General practices have an important role in the UK’s National Health Services, with responsibility for primary care and specialist referrals for the vast majority of the UK population [20]. General practitioners (GPs) record clinical diagnoses, hospital diagnoses that affect patients’ ongoing care, primary care prescribing, test, and laboratory data, in specialised software systems. Clinical diagnoses are recorded using Read or Snomed codes. In our primary analyses, we used data from CPRD GOLD [21] and CPRD Aurum [22], which include anonymised data collected from 2 software systems. Individually, these databases are broadly representative of the UK population in terms of age and sex [21,22]. Together, they cover over 20% of the UK population, distributed across all UK countries and English regions.

CPRD primary care data may be linked to additional health and area-based deprivation datasets. Quintiles of the Carstairs Index and urban–rural data were added by CPRD through linkage using the practice postcode [23]. Linkages based on patient data are also available [24] but are restricted to English practices that have agreed to participate in the linkage programme, reducing geographic coverage and the sample size. In sensitivity analyses, we used the Office for National Statistics (ONS) mortality data (national death registration data), ICD-10 coded clinical data from Hospital Episode Statistics Admitted Patient Care (HES APC) [25], and patient-level quintiles of Carstairs Index.

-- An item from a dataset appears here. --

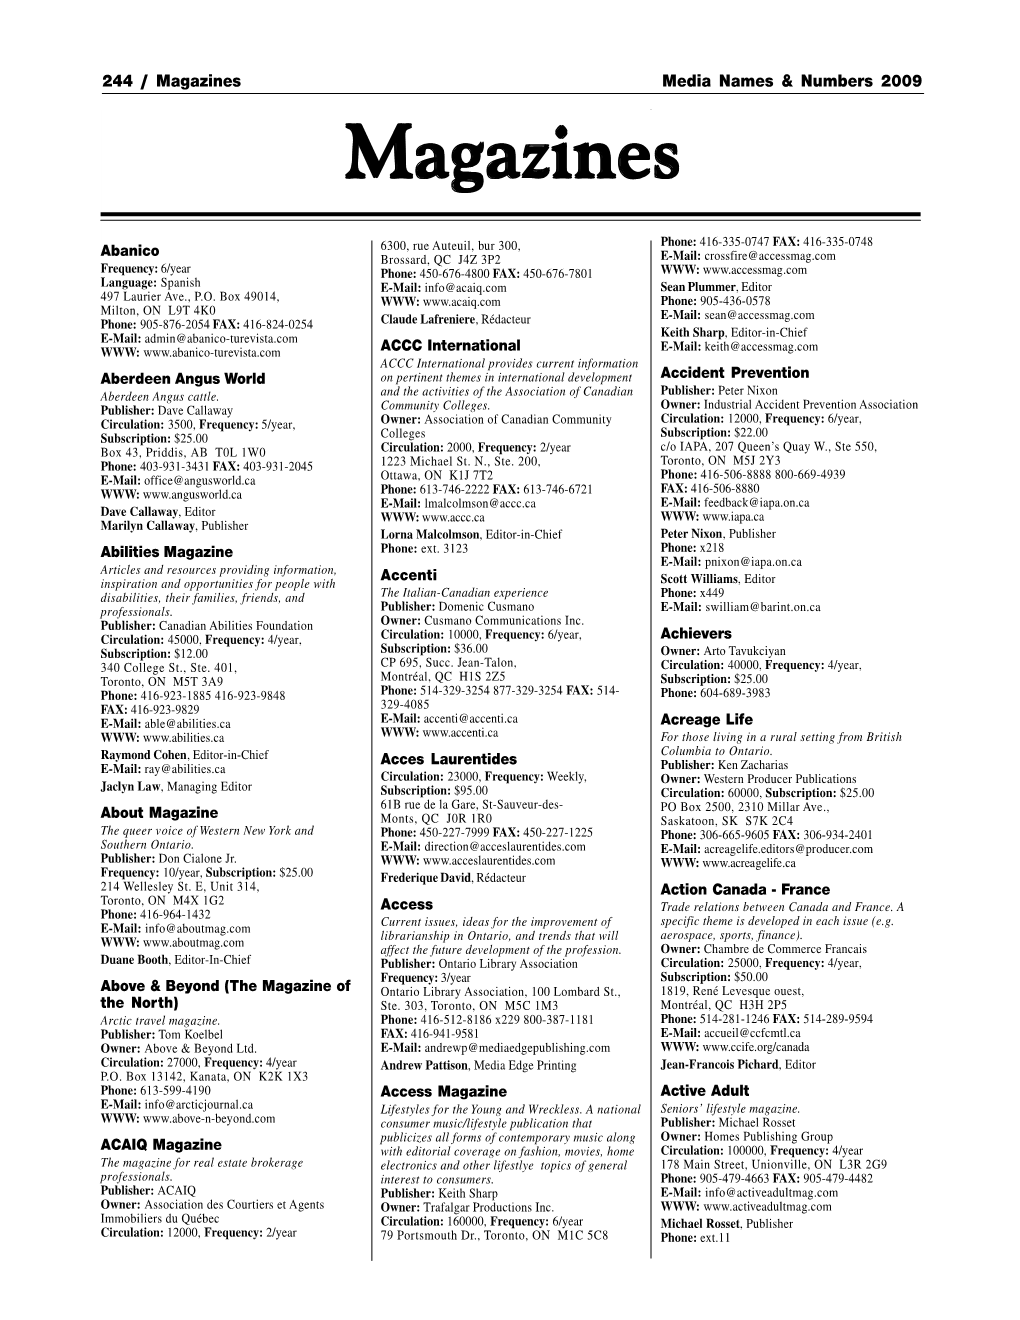 Magazines Media Names & Numbers 2009 Magazinesmagazines

Study population and procedures

We constructed a time series dataset from a study population that included all adults (≥40 years old) actively registered during the study period in a general practice contributing to CPRD on 31 July 2020. Follow-up in the base population started at the latest of 5 March 2015, 40th birthday, and 1 year after registration with the practice. Follow-up ended at the earliest of the end of the study period (i.e., 31 July 2020), the date the patient left the practice or died. Birth dates were estimated at 1 July of the year of birth as the day and month are not collected by CPRD. Date of death was identified from the CPRD-derived death date, which uses data recorded in general practices and has been shown to agree closely with the ONS-registered death date [26].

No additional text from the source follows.